Naif masih bergeming. Ia tak tahu harus berbuat apa dalam kondisi demikian. Mulut dijaganya agar tak keceplosan berkata tak patut. Sebenarnya ia sungguh kasihan dengan Aab, dan para penyewa kios kantin lainnya, tentu saja. Namun, di posisinya sebagai kaki tangan atasan, ia tak ubahnya kaki dan tangan bapak polisi yang ringan menendang dan menggebuk. Mereka tak mungkin menjegal dirinya sendiri, begitu juga mementung kepalanya sendiri.

Aab tak lagi berselera. Sendok dan garpu ditelungkupkan, lalu beranjak pergi ke kiosnya. Seseorang tengah berdiri di hadapan meja pesanan, mengamati papan menu dengan saksama. Tangan kirinya menggenggam dompet, barangkali di kepalanya tengah terjadi perhitungan rumit, penuh pertimbangan di masa tanggal tua.
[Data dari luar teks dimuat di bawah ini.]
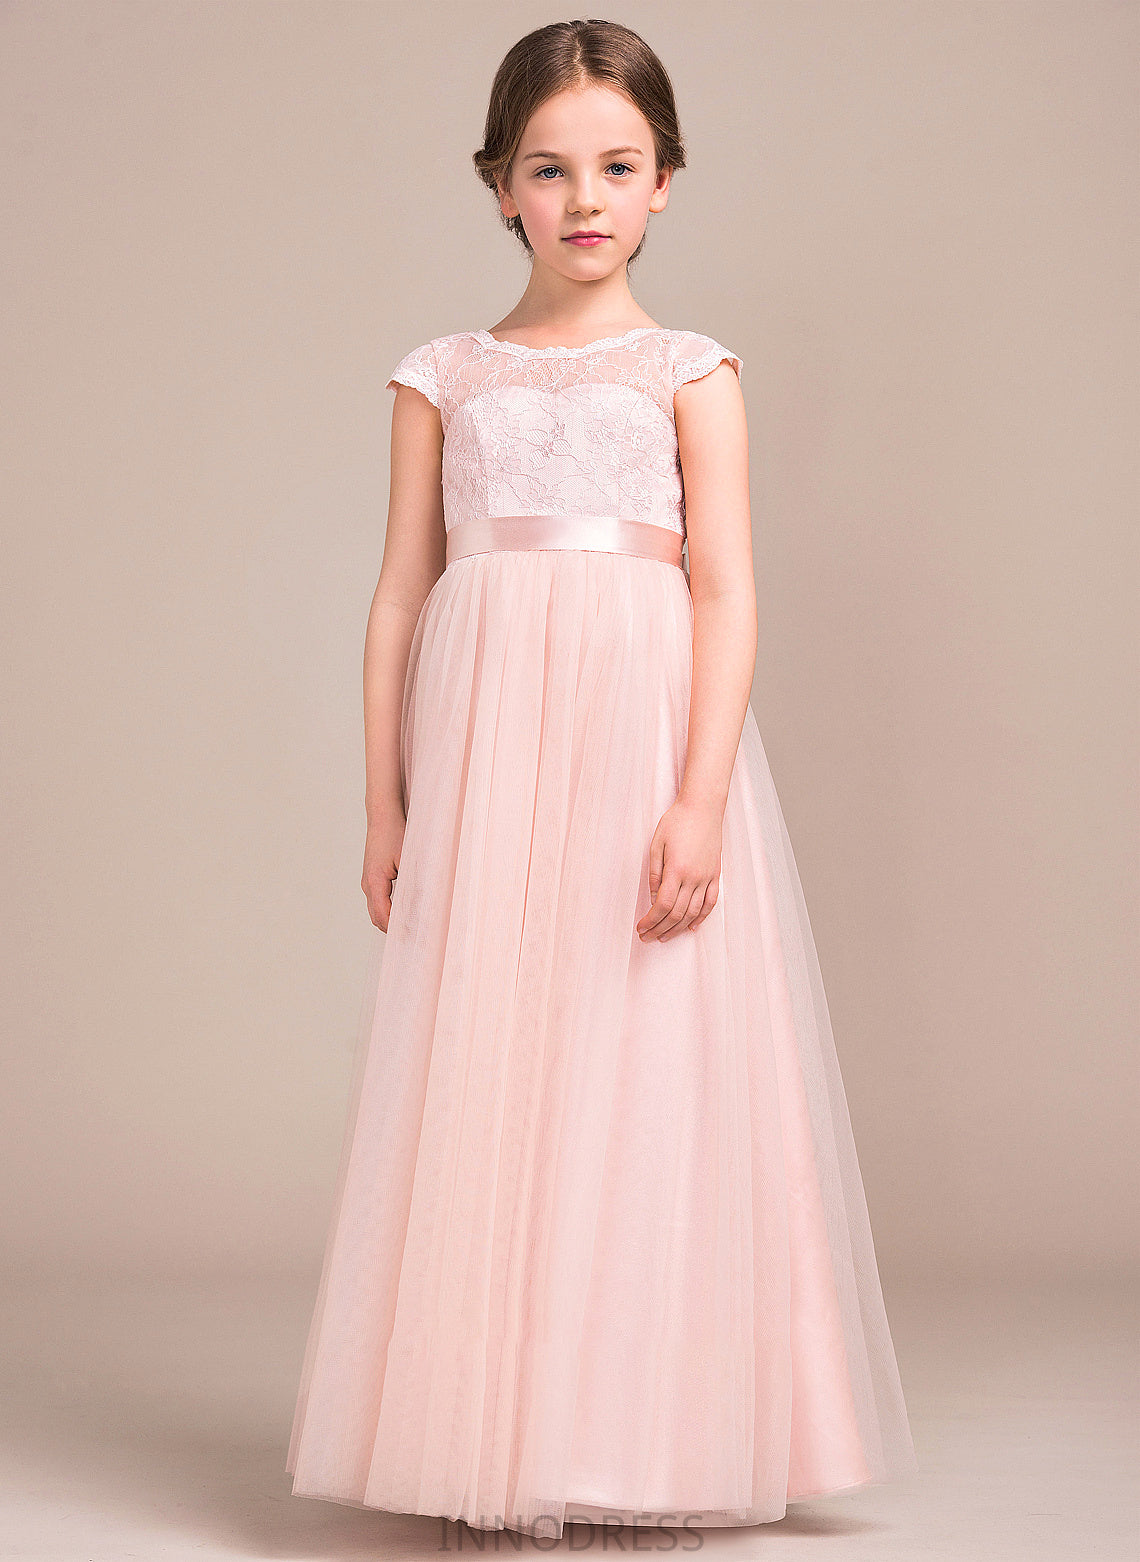 Junior Bridesmaid Dresses Scoop Tulle Bow(s) With Neck Floor-Length Brianna A-Line Lace

“Bang, nasi rames dan es teh,” sergah Naif, lanjut cengar-cengir.

Aab mengangguk, mengepakkan kedua alisnya. Ia memberesi piring dan gelas kosong di atas meja, kemudian melenggang ke kios, membawa serta surat keparat itu. Sementara Yoghia, tak lama kemudian juga pamit, usai menandaskan sisa es teh.

Naif tinggal seorang diri, dan tetap begitu hingga pesanannya datang. Aab tentu lebih memilih berjaga di kiosnya. Tak ada yang lebih membikin hati senang ketimbang pembeli berdatangan, meski jargon menjemukan itu terus saja bergema, “Kerja... kerja... tipes....”

***

Dua hari menyusul kedatangan surat perintah itu, tibalah. Itu adalah batas akhir masa pengosongan kantin. Mereka begitu cerdik, menaruh tenggat itu di akhir pekan, di mana para mahasiswa tengah libur berkuliah, dan tentu saja tak cocok membuka kios di saat seperti itu.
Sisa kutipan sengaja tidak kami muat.